"Deliver Me From This Indignity!": Cottage Hospitals, Localism and NHS Healthcare in Central England, 1948-1978

Fam Community Hist. 2018 Oct 5;19(2):129-151. doi: 10.1080/14631180.2016.1216349.

Abstract

Victorian and Edwardian cottage hospitals, compared to infirmaries and workhouse institutions, have been neglected by social historians. Yet, they provided an infrastructure dedicated to localism and healthcare for the aged under the new National Health Service (NHS) after World War Two. This article focuses on two renowned Midlands cottage hospitals built in mid-Northamptonshire at Pitsford. In their patient case-histories we can engage with: dignity standards, medical regime, ward designs, staffing levels, budget provisions, and patient voices. These popular institutions had a well-deserved reputation for delivering high-quality geriatric medicine from 1948 to 1978. Human vignettes detailing the physical indignities of ageing nonetheless proliferate in the records. The longevity of these basic issues was to prove to be a recurring tension in NHS financial planning. Budget models lacked enough funds for aged patients to receive 'stable' bedside care.

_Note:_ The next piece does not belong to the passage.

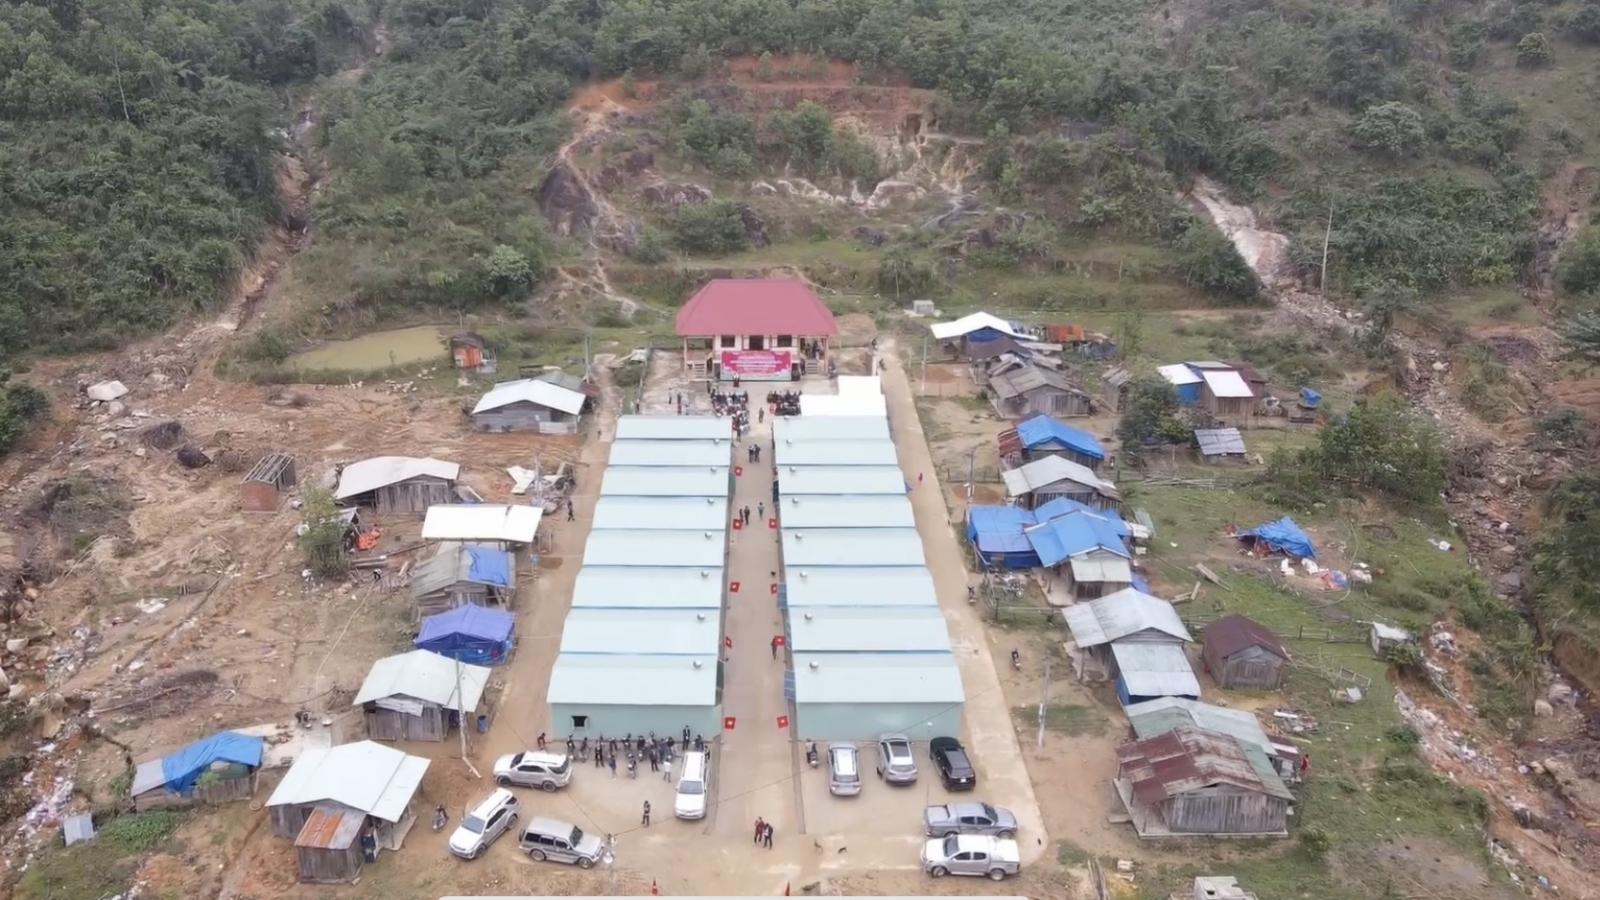 Khánh thành, bàn giao 17 căn nhà đầu tiên cho người dân vùng sạt lở Phước Sơn, Quảng Nam

Instead, NHS accountants allocated resources to ensure the future 'sustainability' of the system itself. A new paradigm highlights the inherent financial contradictions and empty political promises that those needing geriatric care often experienced, and still do. Throughout, the rediscovered cottage hospital records contain important historical lessons for the present impasse about how to define, deliver and secure dignity for elderly patients in today's NHS.